:: Activity ::
It would help if you retyped the data exactly, leaving out the pictures.

:: Provided data ::

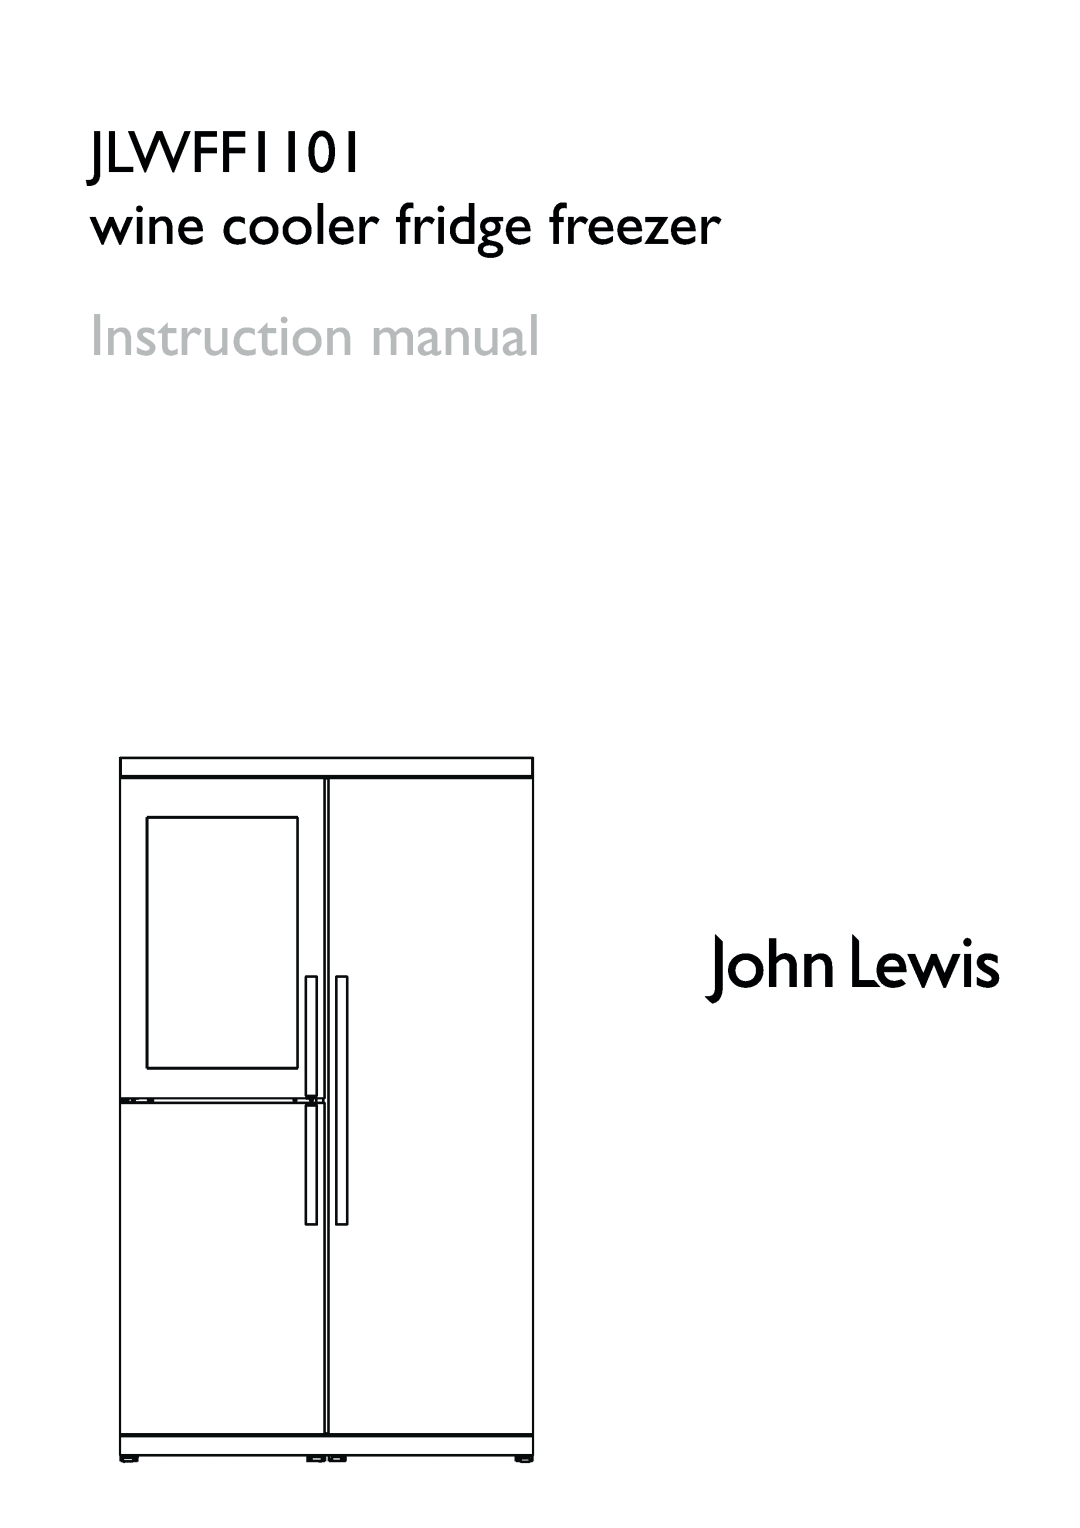 John Lewis instruction manual JLWFF1101 wine cooler fridge freezer, Instruction manual 
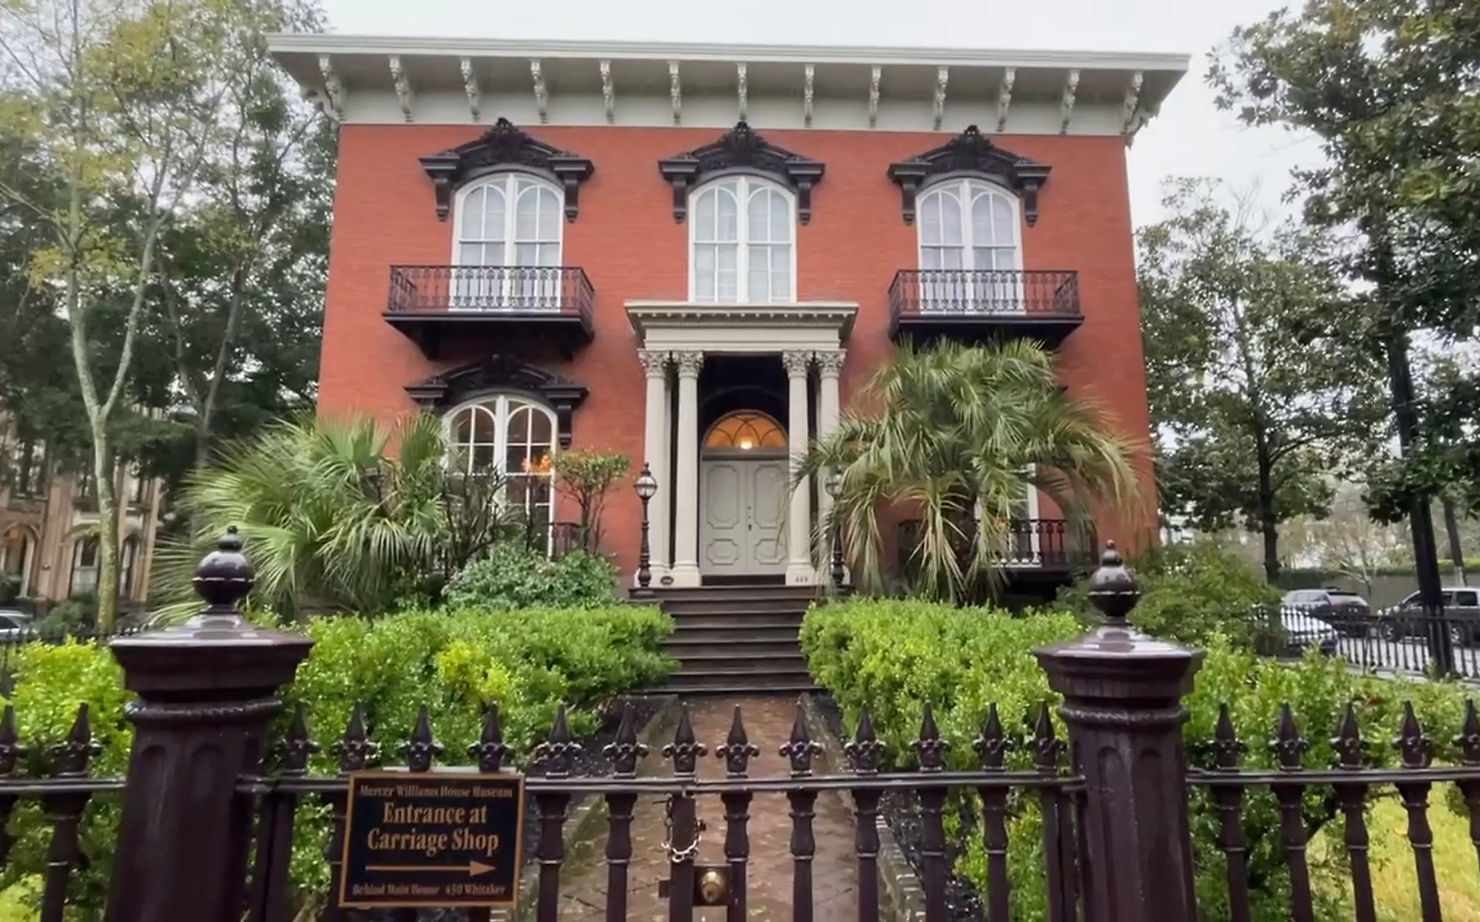 Mercer Williams House Museum, Savannah,Georgia, 
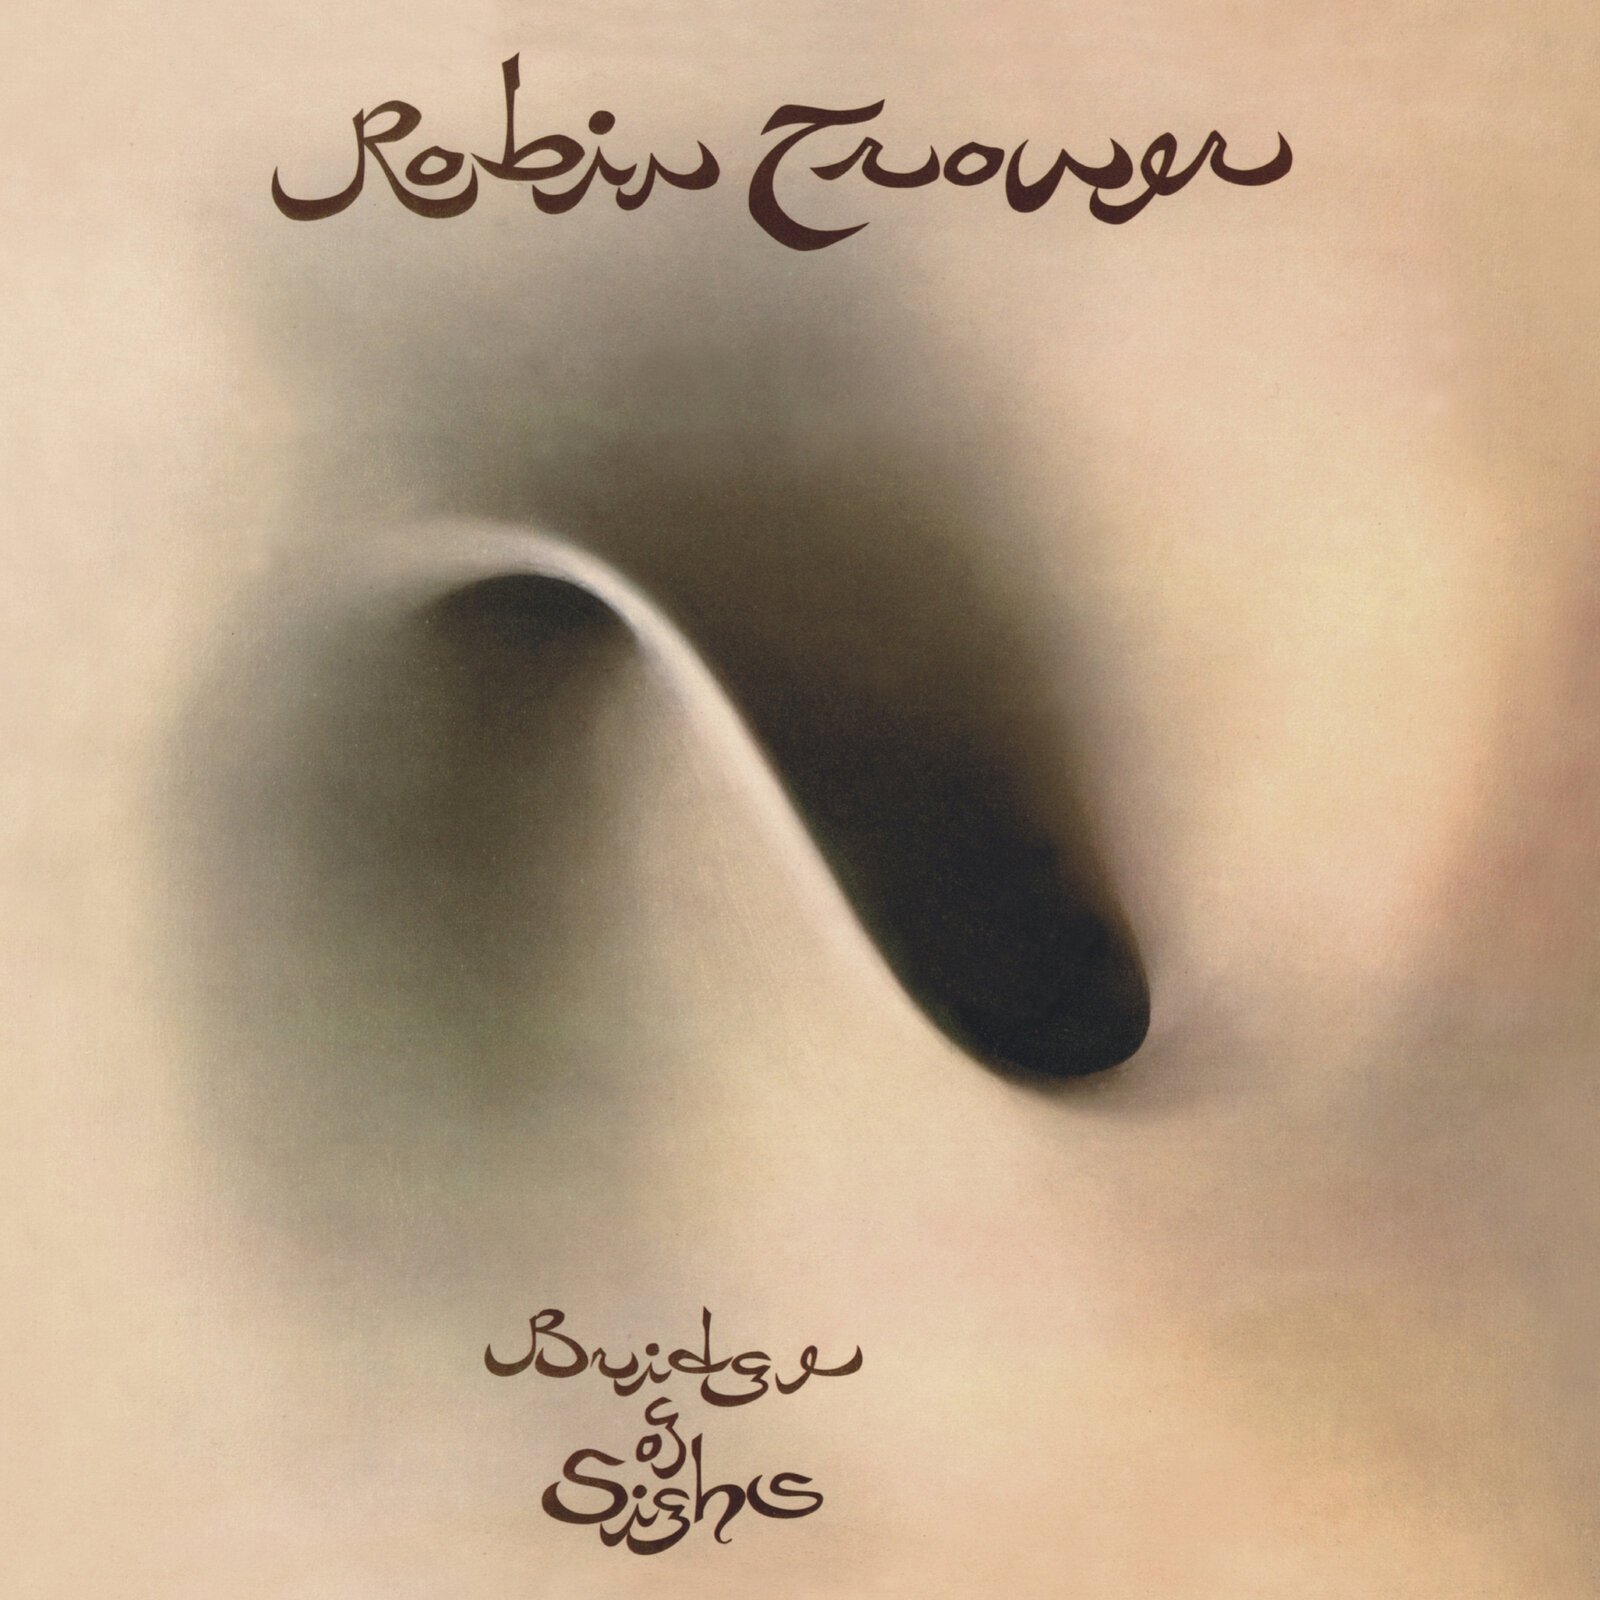 Robin Trower - Bridge of Sighs (50th Anniversary Edition) (High Quality) (2 LP) Robin Trower
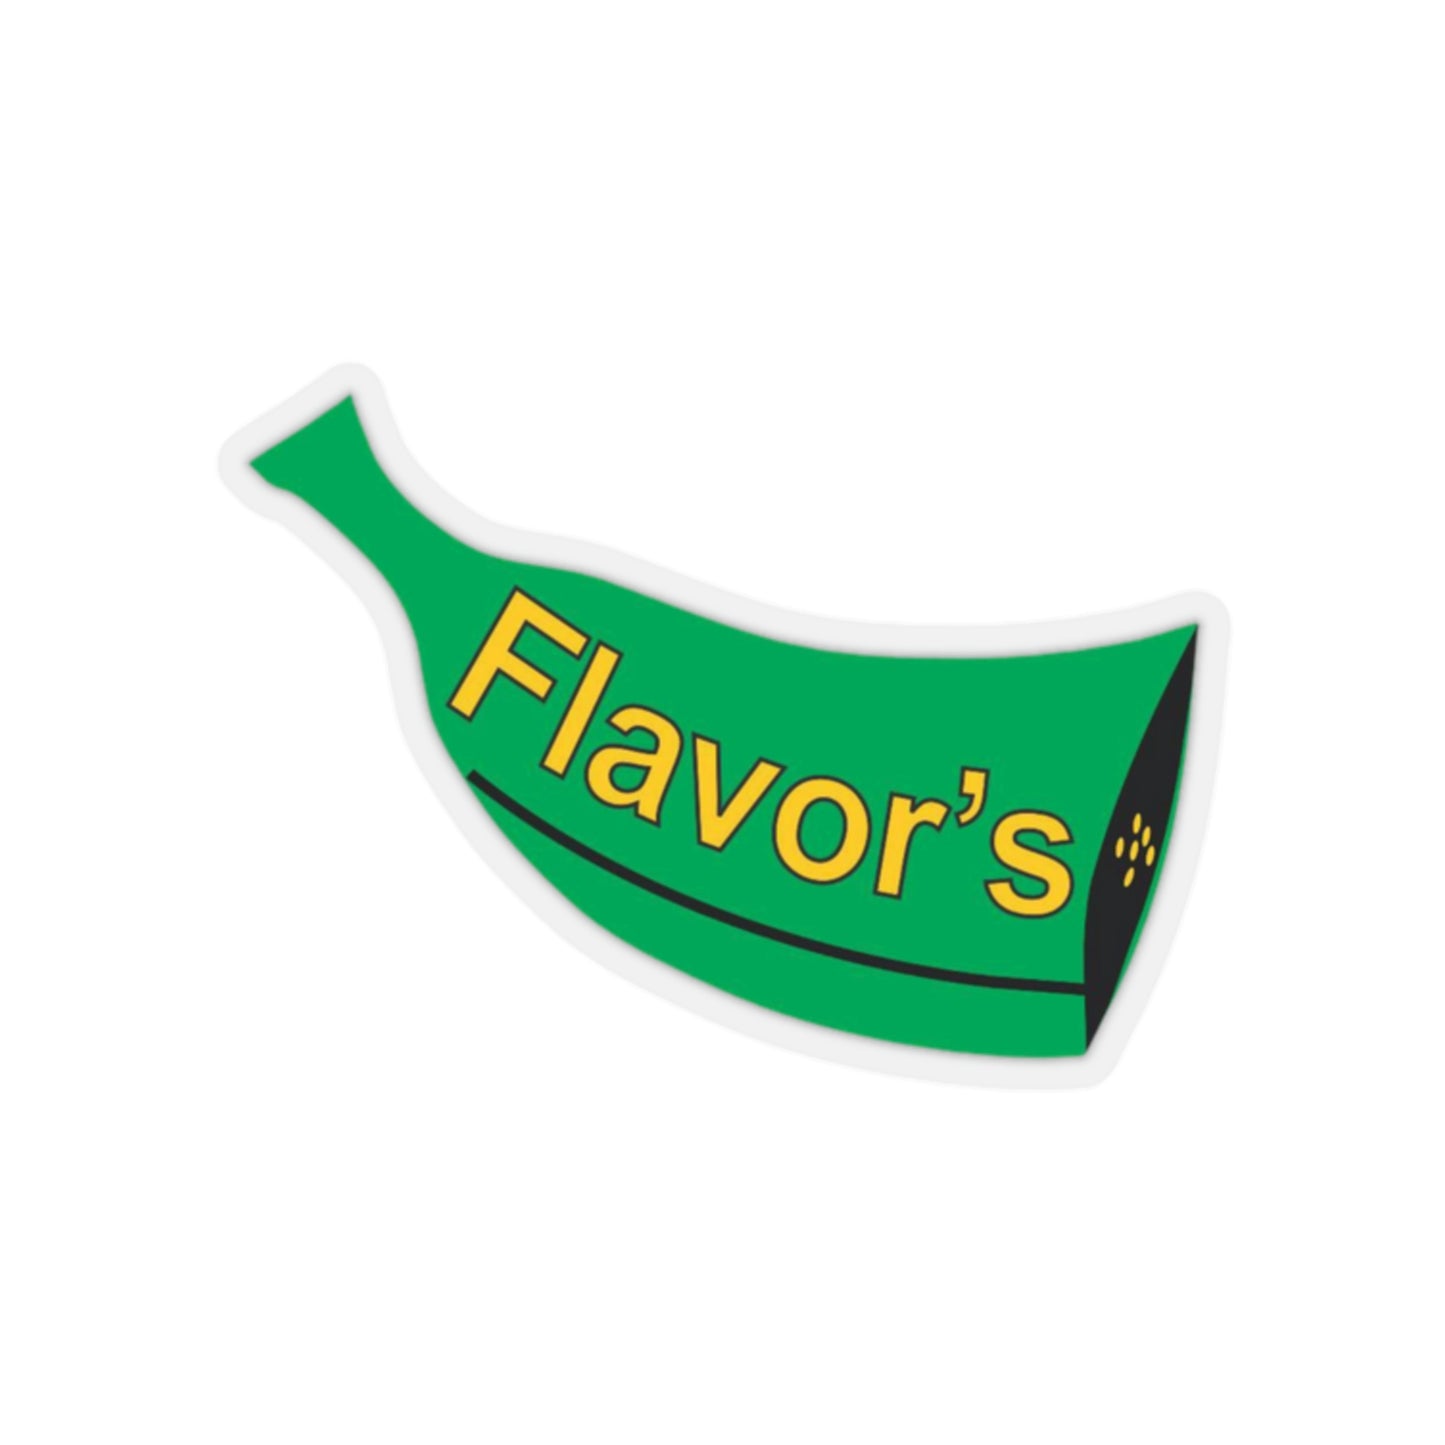 Flavor's Plantain Kiss-Cut Stickers
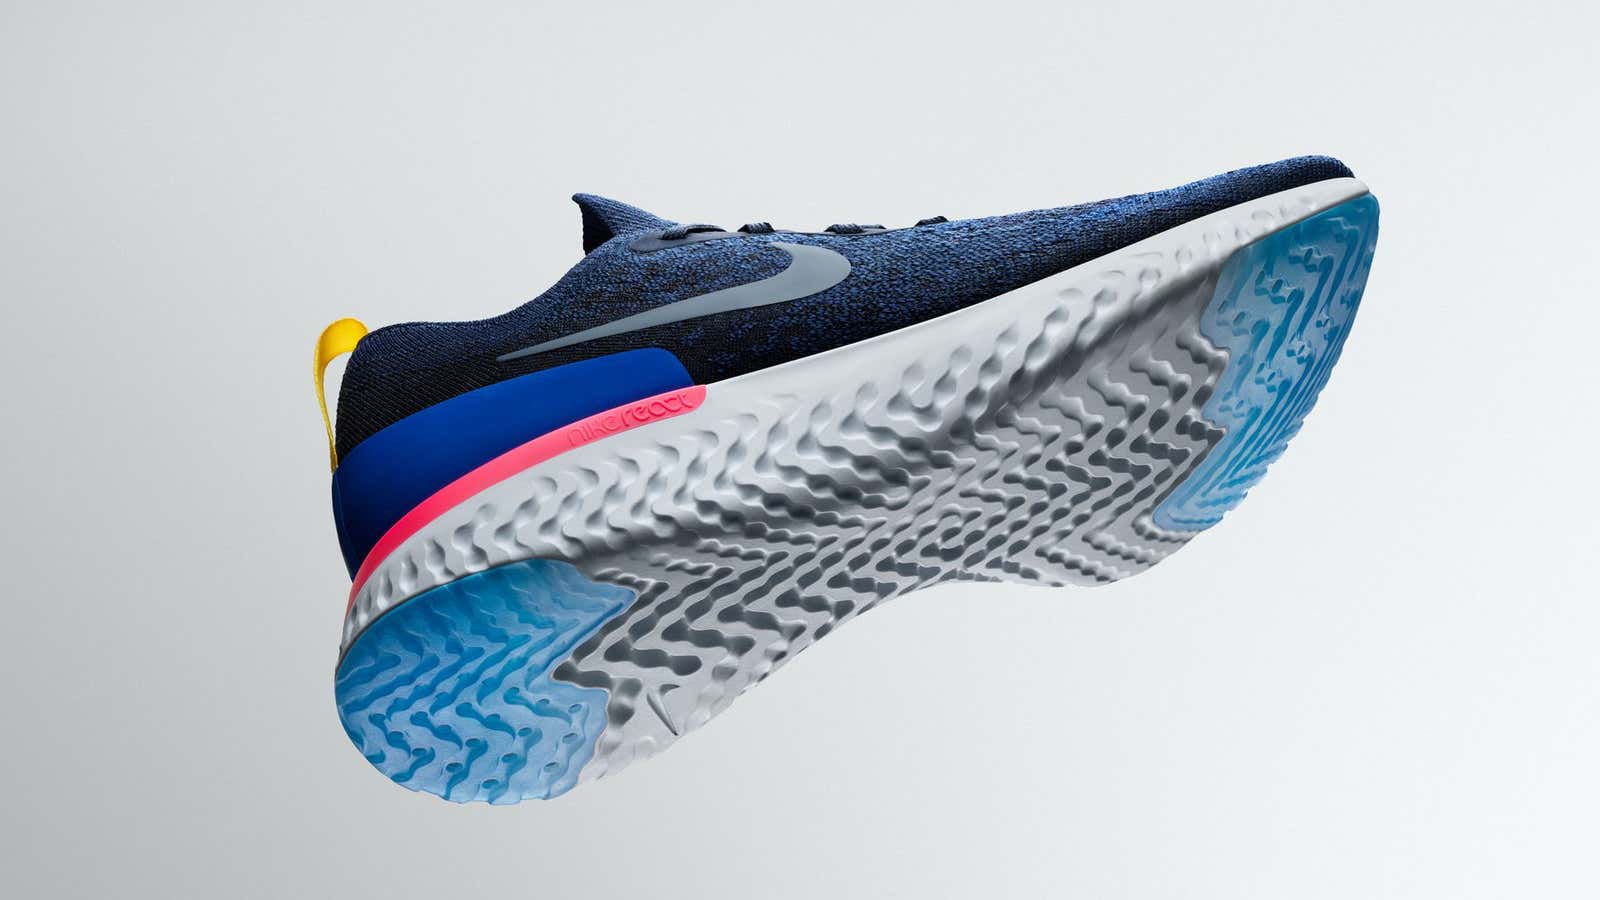 borst Incubus gemakkelijk te kwetsen Nike Epic React Flyknit: Nike's next big thing in comfortable sneakers

:: Response for this exercise ::
 John Lewis instruction manual JLWFF1101 wine cooler fridge freezer, Instruction manual 
 Mercer Williams House Museum, Savannah,Georgia, 
 Robin Trower - Bridge of Sighs (50th Anniversary Edition) (High Quality) (2 LP) Robin Trower
 Flavor's Plantain Kiss-Cut Stickers
 borst Incubus gemakkelijk te kwetsen Nike Epic React Flyknit: Nike's next big thing in comfortable sneakers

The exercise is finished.